ASPEN Outputs¶
Workdir¶
The workdir which is supplied as -w
while running aspen init
, dryrun
and run
commands will contain the following files:
WORKDIR
├── cluster.json
├── config.yaml
├── contrasts.tsv
├── dryrun_git_commit.txt
├── dryrun.log
├── fastqs
├── logs
├── results
├── runinfo.yaml
├── sampleinfo.txt
├── samples.tsv
├── scripts
├── slurm-48768339.out
├── snakemake.log
├── snakemake.stats
├── stats
├── submit_script.sbatch
└── tools.yaml
Here are more details about these files:
File | File Type | Mode (-m ) When This File is Created/Overwritten | Description |
---|---|---|---|
cluster.json | JSON | init | Defines cluster resources per snakemake rule |
config.yaml | YAML | init; can be edited later | Configurable parameters for this specific run |
contrasts.tsv | TSV | Needs to be added in after init | List of contrasts to run, one per line; has no header |
dryrun_git_commit.txt | TXT | dryrun | The git commit hash of the version of ASPEN used at dryrun |
dryrun.log | TXT | dryrun | Log from -m=dryrun |
fastqs | FOLDER | dryrun | Folder containing symlinks to raw data |
logs | FOLDER | dryrun | Folder containing all logs including Slurm .out and .err files |
results | FOLDER | Created at dryrun but populated during run | Main outputs folder |
runinfo.yaml | YAML | After completion of run | Metadata about the run executor, etc. |
sampleinfo.txt | TXT | dryrun, run | Tab-delimited mappings between replicateNames and sampleNames |
samples.tsv | TSV | init; can be edited later | Tab-delimited manifest with replicateName , sampleName , path_to_R1_fastq , path_to_R2_fastq . This file has a header. |
scripts | FOLDER | init | Folder keeps local copy of scripts called by various rules |
slurm-49051815.out | TXT | run | Slurm .out file for the master job |
snakemake.log | TXT | run | Snakemake .log file for the master job; older copies timestamped and moved into logs folder |
stats | FOLDER | Created at dryrun but populated during run | Contains older timestamped runinfo.yaml files |
submit_script.sbatch | TXT | run | Slurm script to kickstart the main Snakemake job |
tools.yaml | YAML | run | YAML containing the version of tools used in the pipeline (obsolete; was used to load specific module versions prior to moving over to Docker/Singularity containers) |
Resultsdir¶
The results directory contains the actual output files.
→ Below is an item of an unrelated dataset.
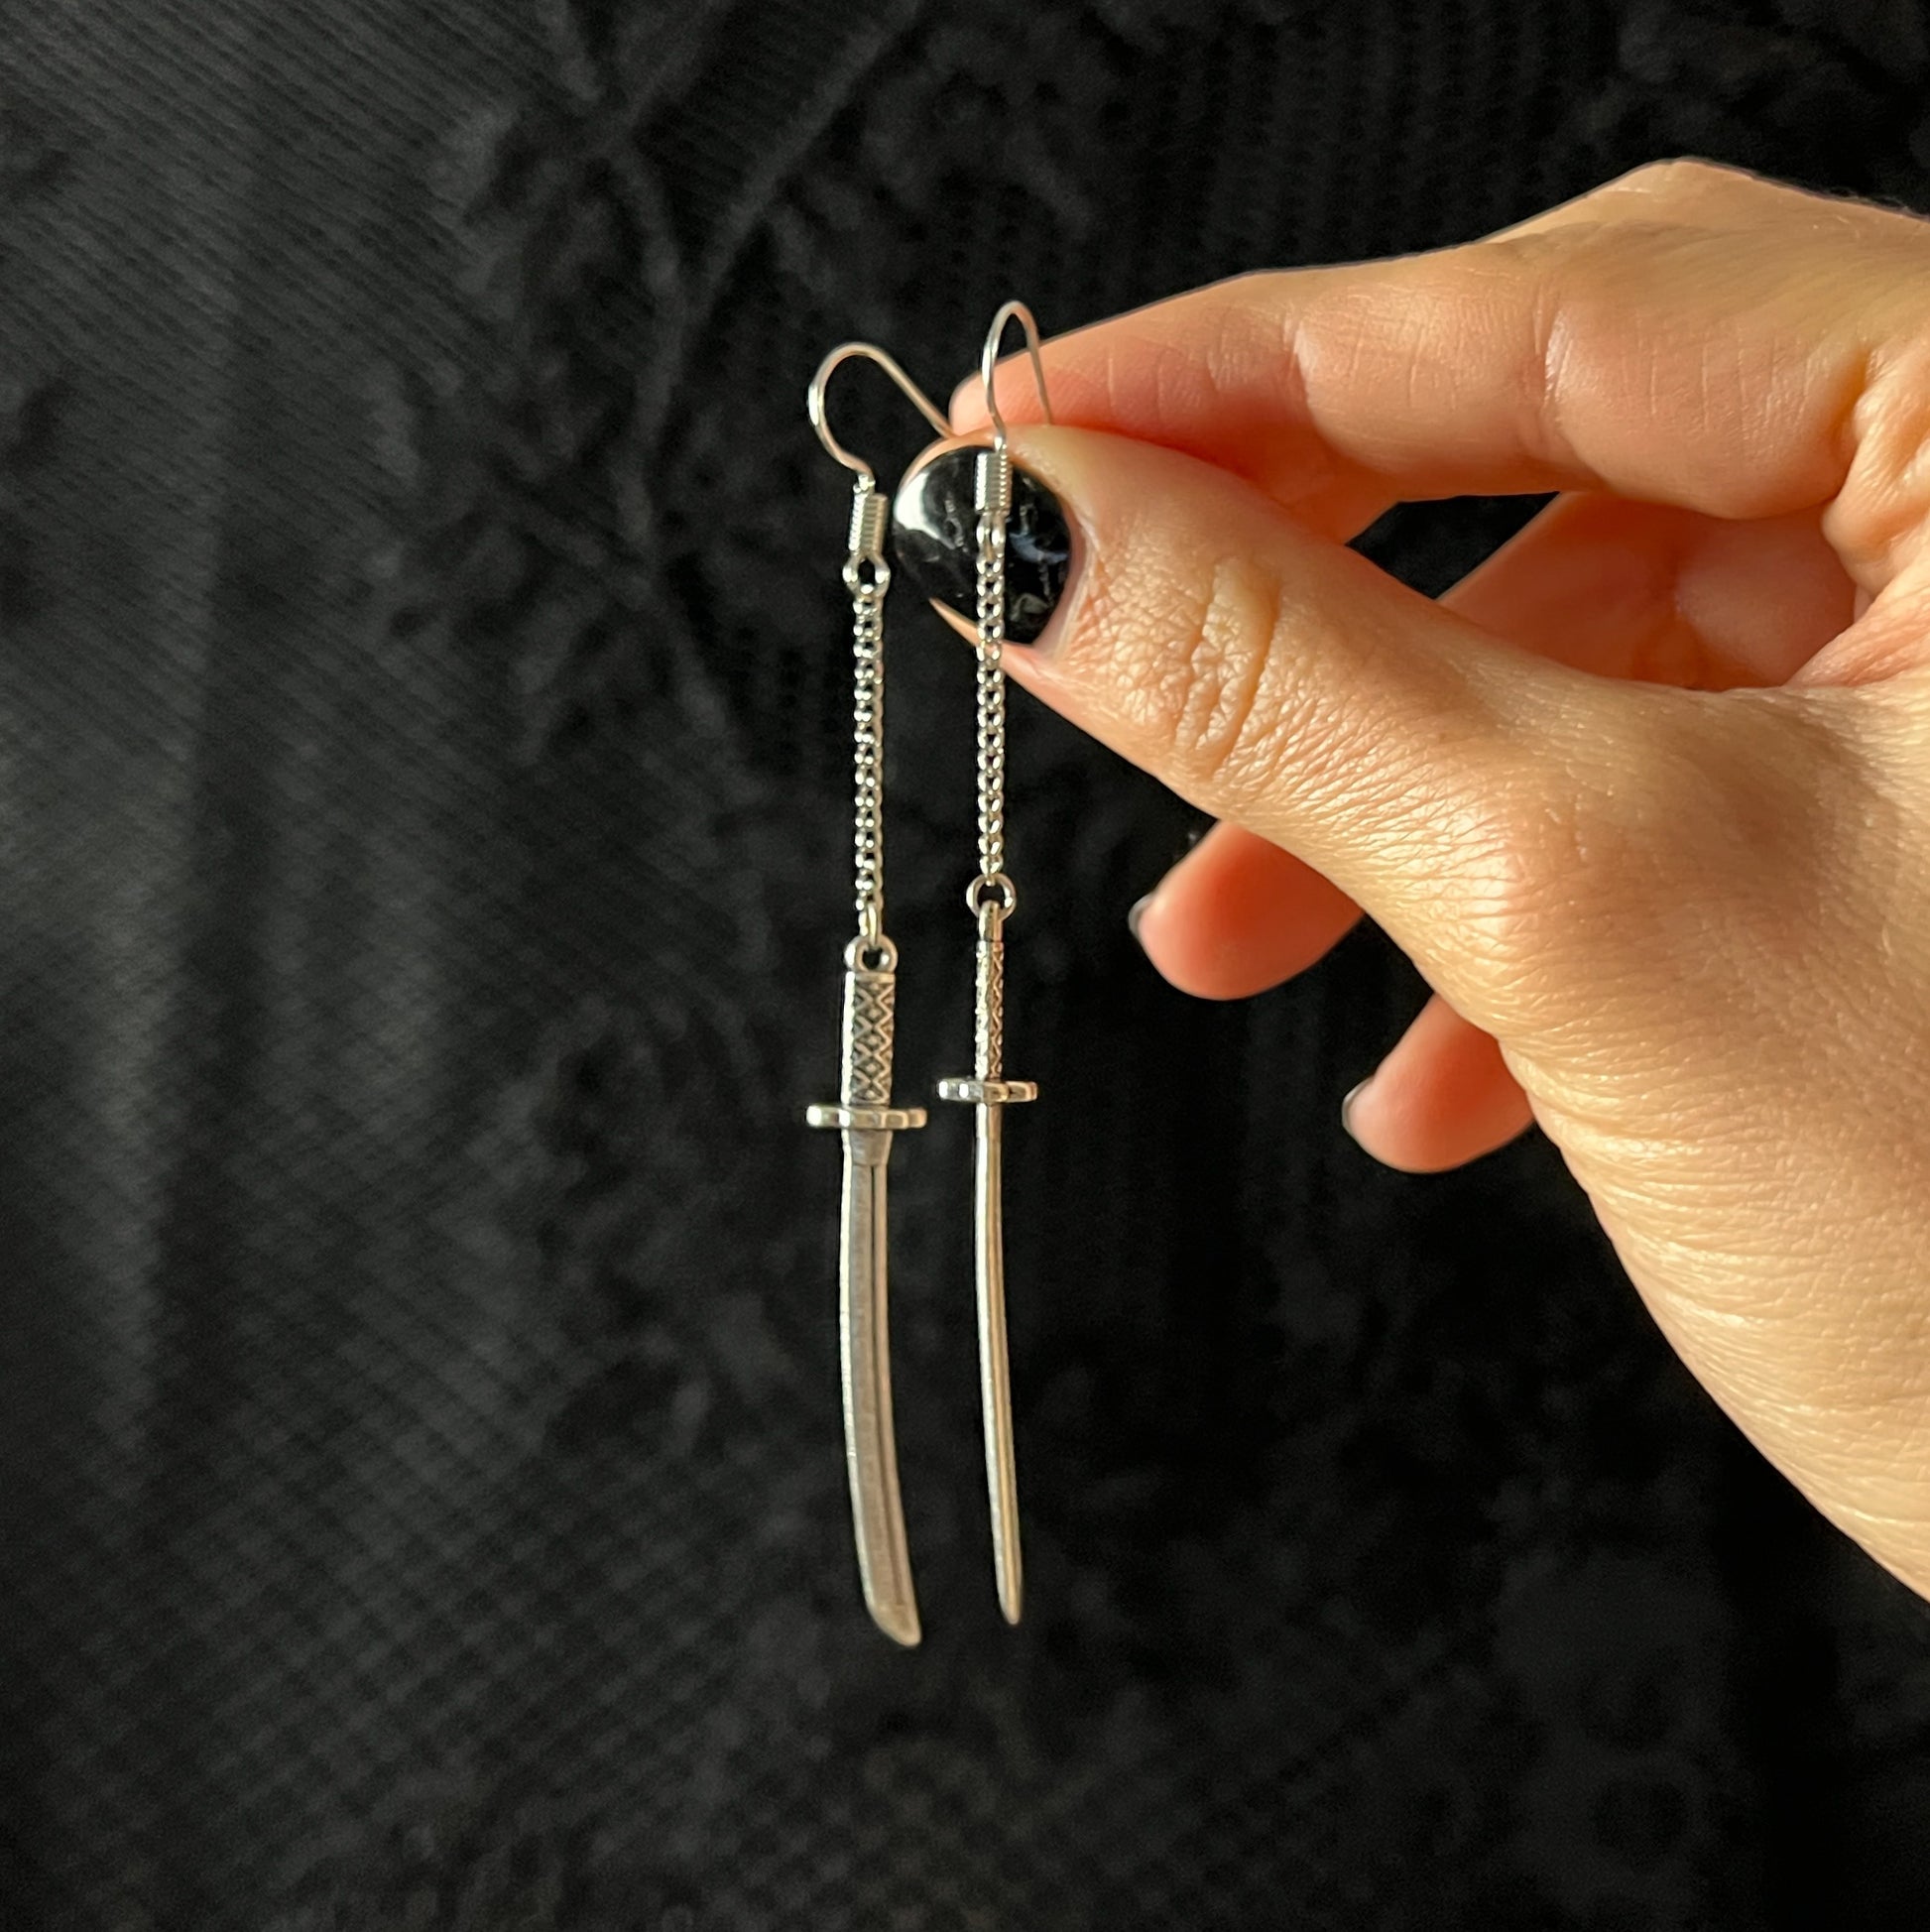 Katana earrings statement sword jewelry gothic witchy alternative earrings gothic gift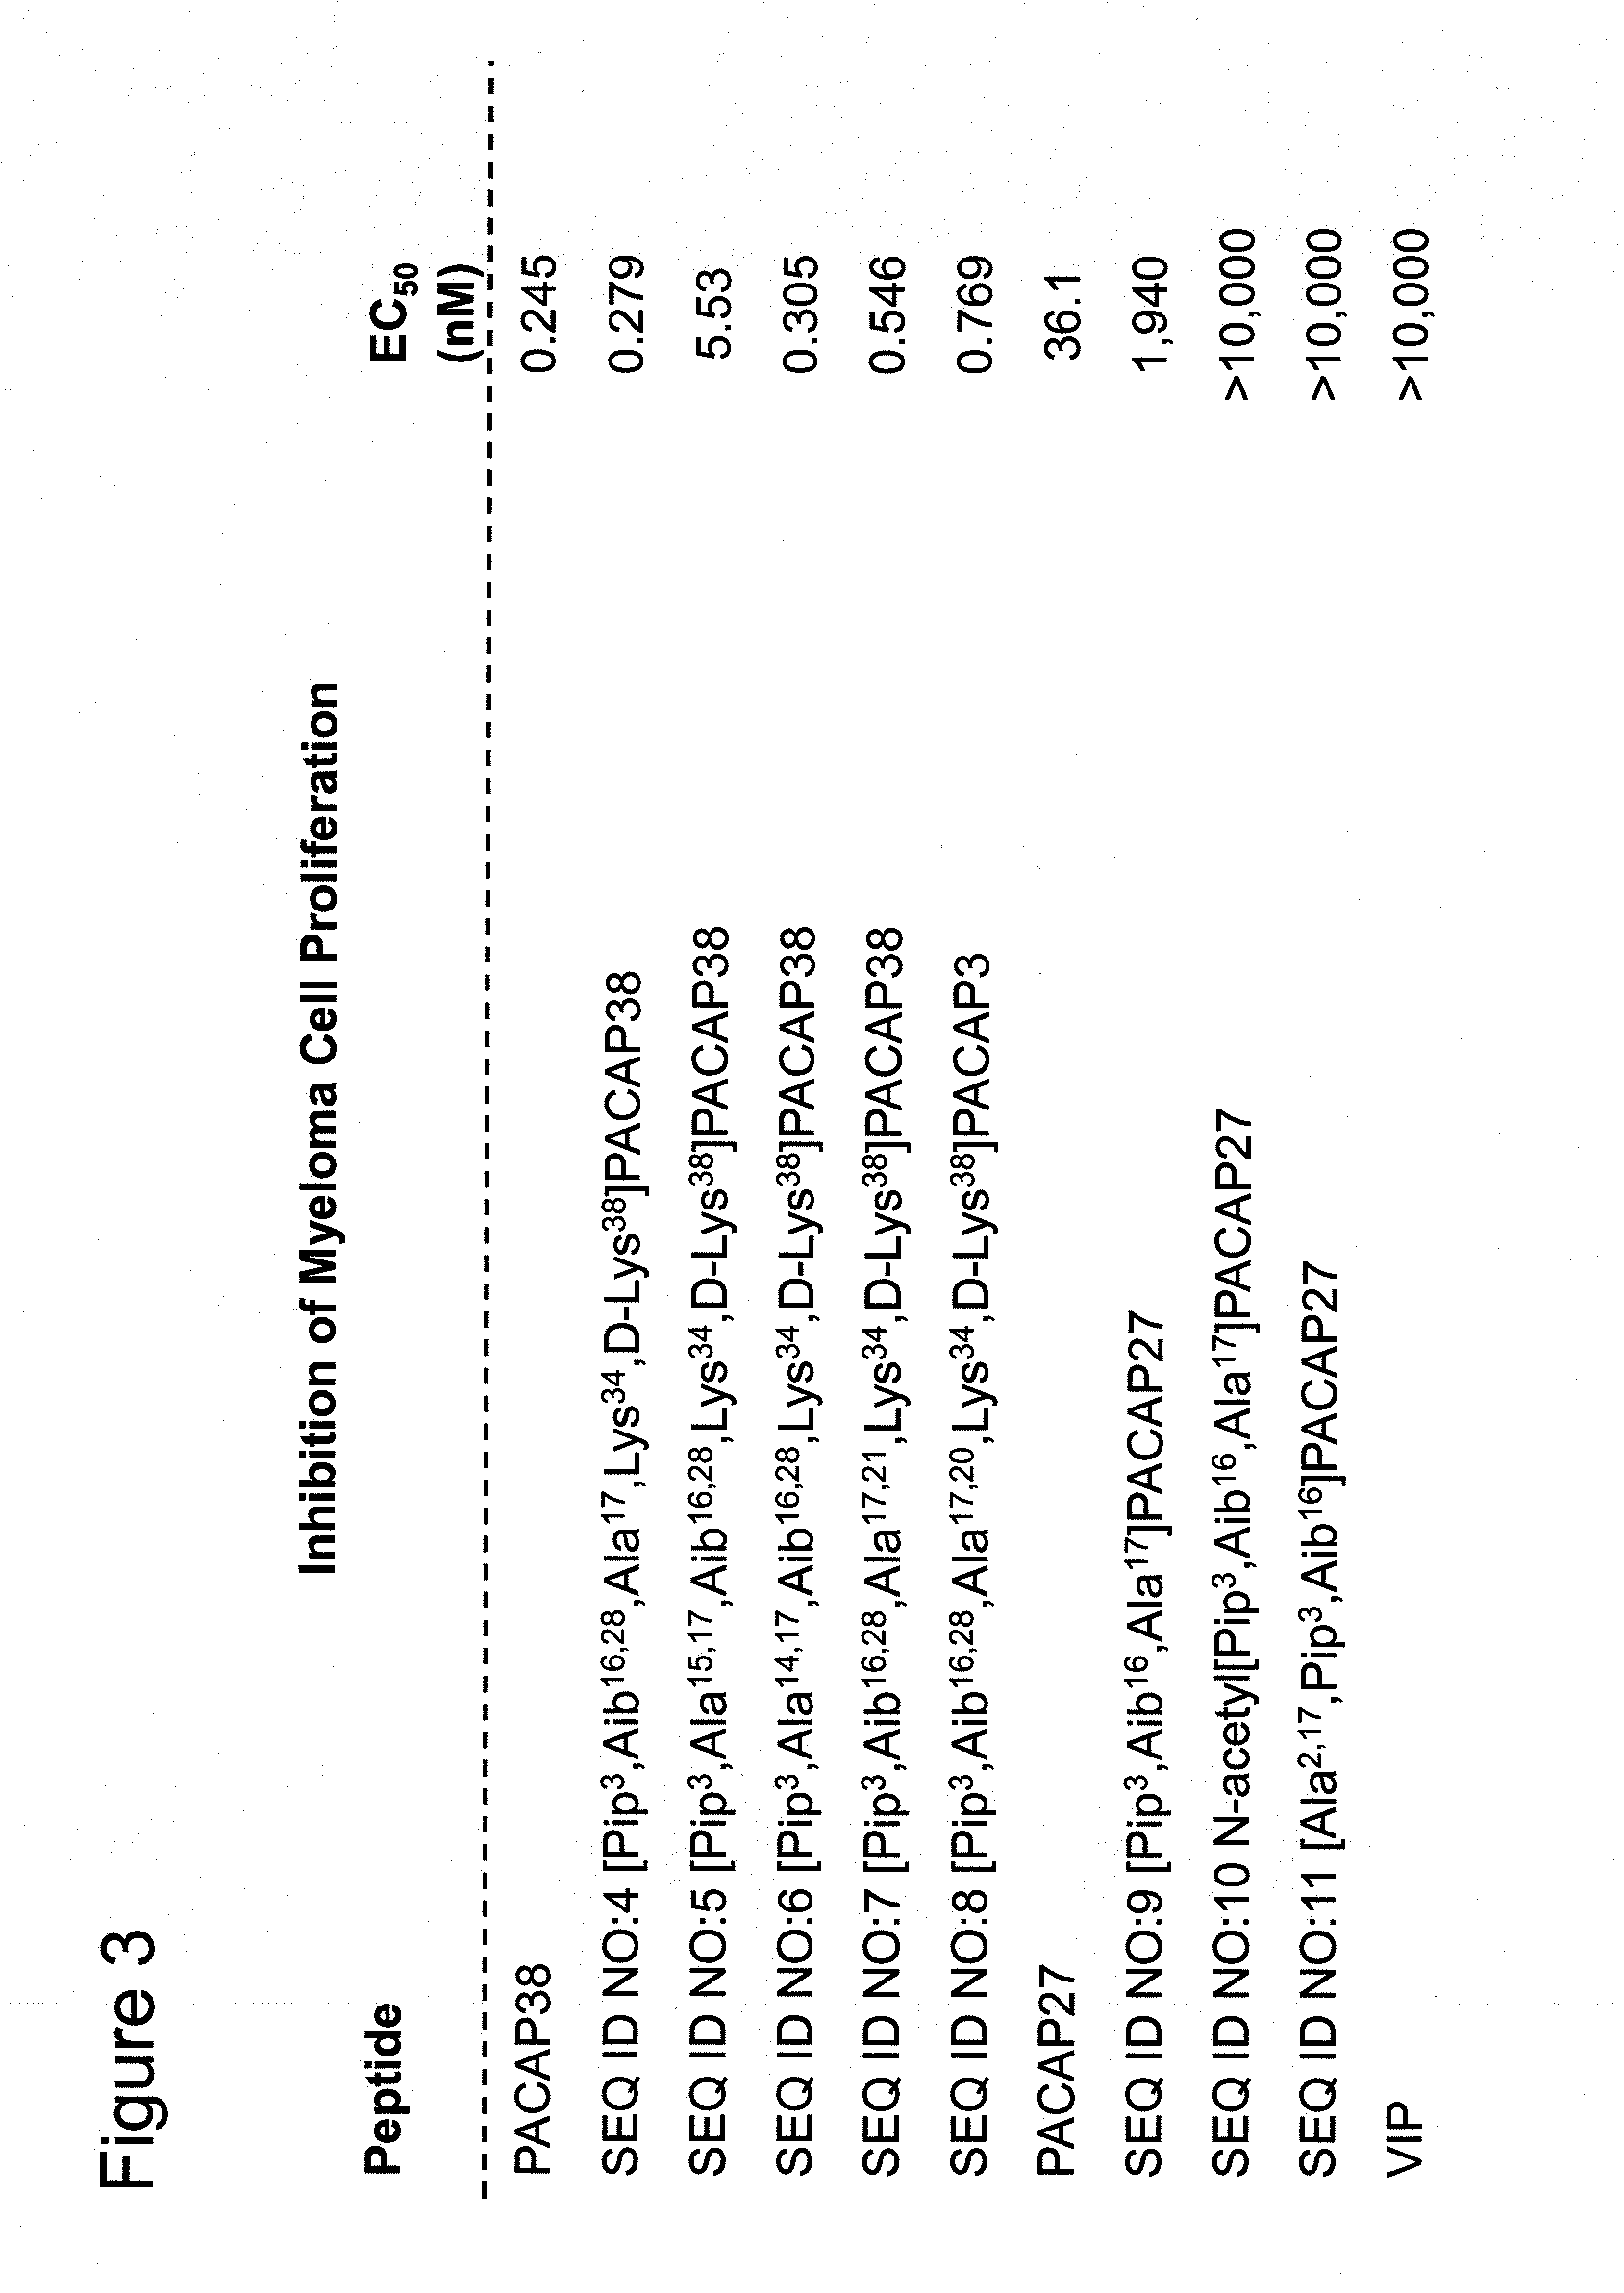 Analogs of pituitary adenylate cyclase-activating polypeptide (PACAP) and methods for their use

Below are the folders that you may find within it.
WORKDIR
├── results
├── dedupBam
├── peaks
├── QC
├── qsortedBam
├── tagAlign
└── tmp
Content details:
Folder | Description |
---|---|
dedupBam | Deduplicated filtered BAM files; can be used for visualization. |
peaks | Genrich/MACS2 peak calls (raw, consensus, fixed-width); also contains ROI files with Diff-ATAC results if contrasts.tsv is provided; motif enrichments using HOMER and AME; bigwigs for visualization. |
QC | Flagstats; dupmetrics; read counts; motif enrichments; FLD stats; Fqscreen; FRiP; ChIPSeeker results; TSS enrichments; Preseq; MultiQC. |
qsortedBam | Query name sorted BAM files; used for Genrich peak calling (includes multimappers). |
tagAlign | tagAlign.gz files; deduplicated; used for MACS2 peak calling. |
tmp | Can be deleted; blacklist index; intermediate FASTQs; Genrich output reads. |
The QC
folder contains the multiqc_report.html
file which provides a comprehensive summary of the quality control metrics across all samples, including read quality, duplication rates, and other relevant statistics. This report aggregates results from various QC tools such as FastQC, FastqScreen, FLD, TSS enrichment, Peak Annotations, and others, presenting them in an easy-to-read format with interactive plots and tables. It helps in quickly identifying any issues with the sequencing data and ensures that the data quality is sufficient for downstream analysis.
Note
BAM files from dedupBam
can be used for downstream footprinting analysis using CCBR_TOBIAS pipeline
Note
bamCompare from deeptools can be run to compare BAMs from dedupBam
for comprehensive BAM comparisons.
Note
BAM files from dedupBam
can also be converted to BED format and processed with chromVAR to identify variability in motif accessibility across samples and assess differentially active transcription factors from the JASPAR database.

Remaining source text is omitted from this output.